# pics of "babygirl"



## blazing-jay (May 23, 2004)

http://www.hpphoto.com/servlet/com.hp.HPAlbumPict?com=us&awp=albumshow.html&album_id=3941311

Mods Done:
Pioneer speakers 6x9 deck, 
Pioneer's 3 ways in the front and back
He2 12" subs
Punch 1800watt 
Removed the black paint from emblem and re-painted Blue 
Blue Accessories

Future:
Dress shoes, paint calibers blue, re-do gauges (blue) and grille.

Always open for suggestions for further improvement. Just don't wanna draw too much attention to myself being a female and all lol


----------



## samo (Apr 30, 2002)

blazing-jay said:


> Just don't wanna draw too much attention to myself being a female and all lol


We would have never known had you not posted that. So much for not drawing attention... 

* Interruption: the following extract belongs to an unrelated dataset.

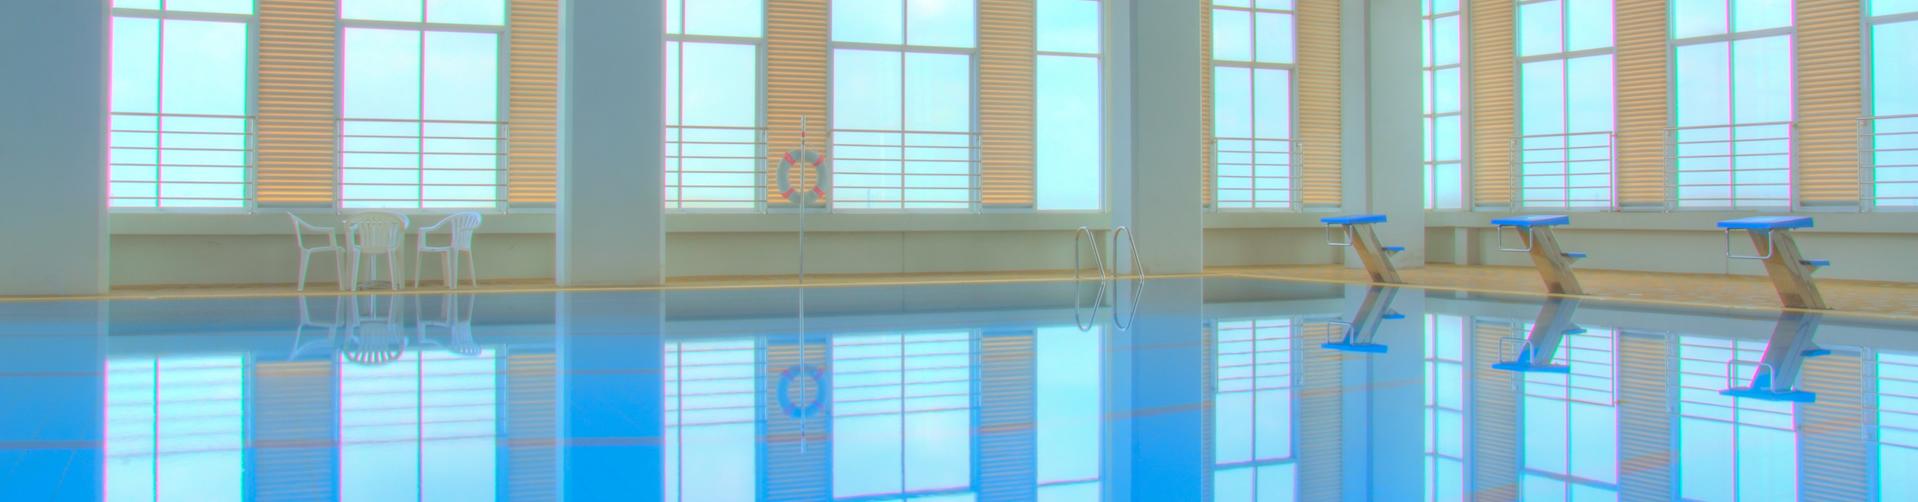 Noticias mantenimiento de piscinas mantenimiento de for Mantenimiento piscina invierno
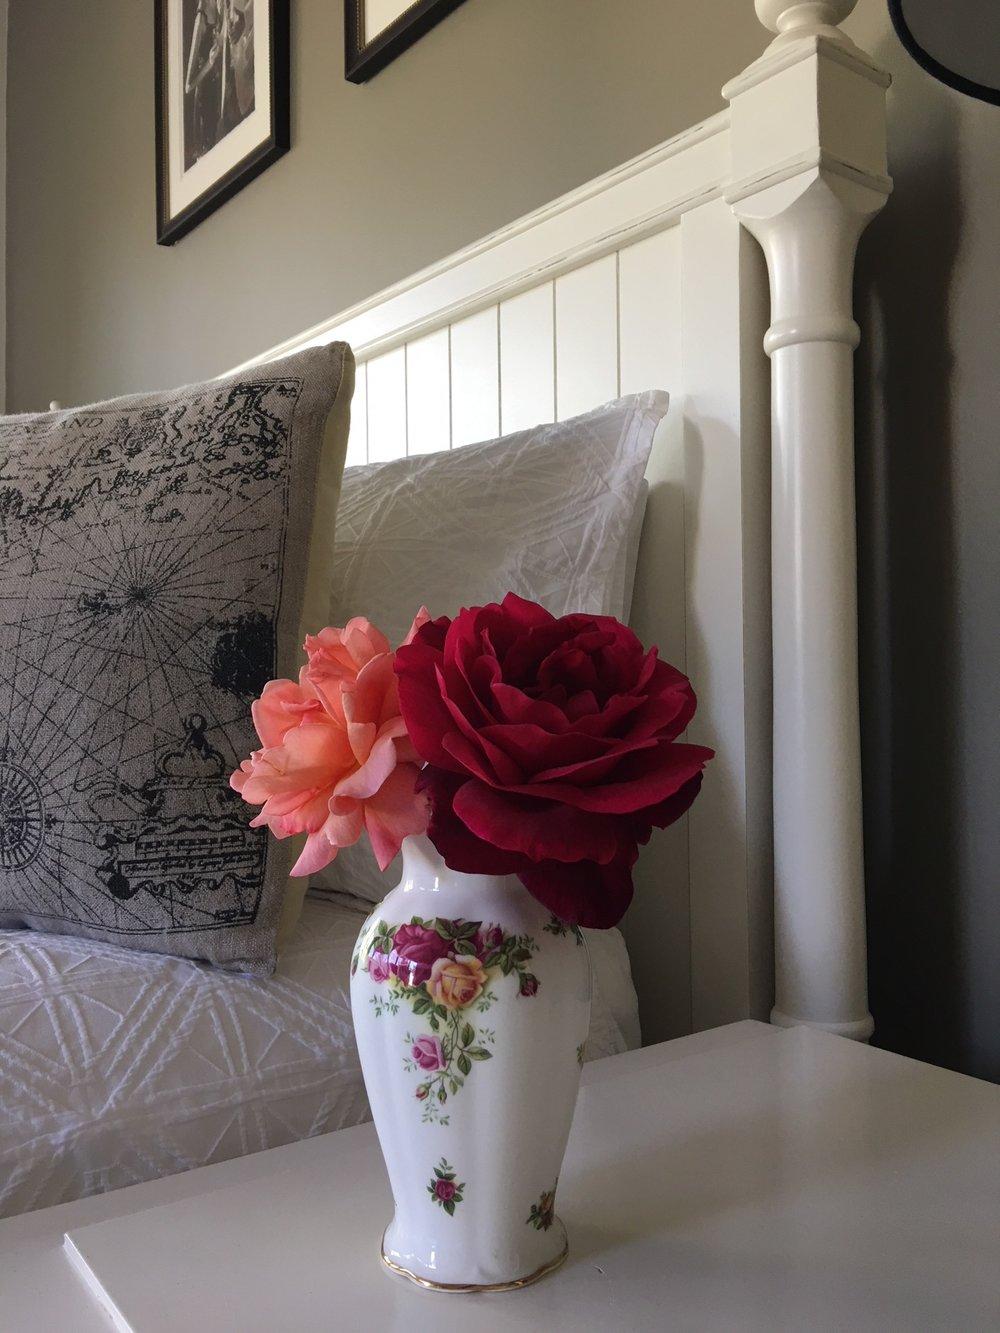 roses beside bed.JPG

Anyhow, the pictures don't work for me.


----------



## koshimaro (Jun 28, 2002)

yah pics dont work
try 
www.photobucket.com


----------



## blazing-jay (May 23, 2004)

sorry,
there's something wrong with my pics. I'll try to resend them


----------



## blazing-jay (May 23, 2004)

*pics*

www.photobucket.com 
album name: blazing-jay

sorry for the mis-haps


----------



## samo (Apr 30, 2002)

"This album is password protected."

Try Cardomain or something, yeah?


----------



## 7875 (Apr 3, 2003)

The name says it all.. *NWS*

I can post some pics if you'd like, as long as you include some of yourself.


----------



## psuLemon (Apr 23, 2003)

^wow thats just wrong..


----------



## blazing-jay (May 23, 2004)

www.photobucket.com 
album name: blazing-jay

its working now


----------



## Reverend D (Jan 13, 2003)

Sweet looking Altima!! I'm an Altima owner too.


----------



## blazing-jay (May 23, 2004)

thanks :thumbup:


----------



## asleepz (Feb 24, 2004)

everything looks sweet 

besides

the headrests. Sorry just don't like them


----------



## blazing-jay (May 23, 2004)

thx for your input


----------



## asleepz (Feb 24, 2004)

no prob I always like giving CONSTRUCTIVE criticism instead of saying and I quote 

"Those things are the ugliest mother fu#*ing things in the world"


----------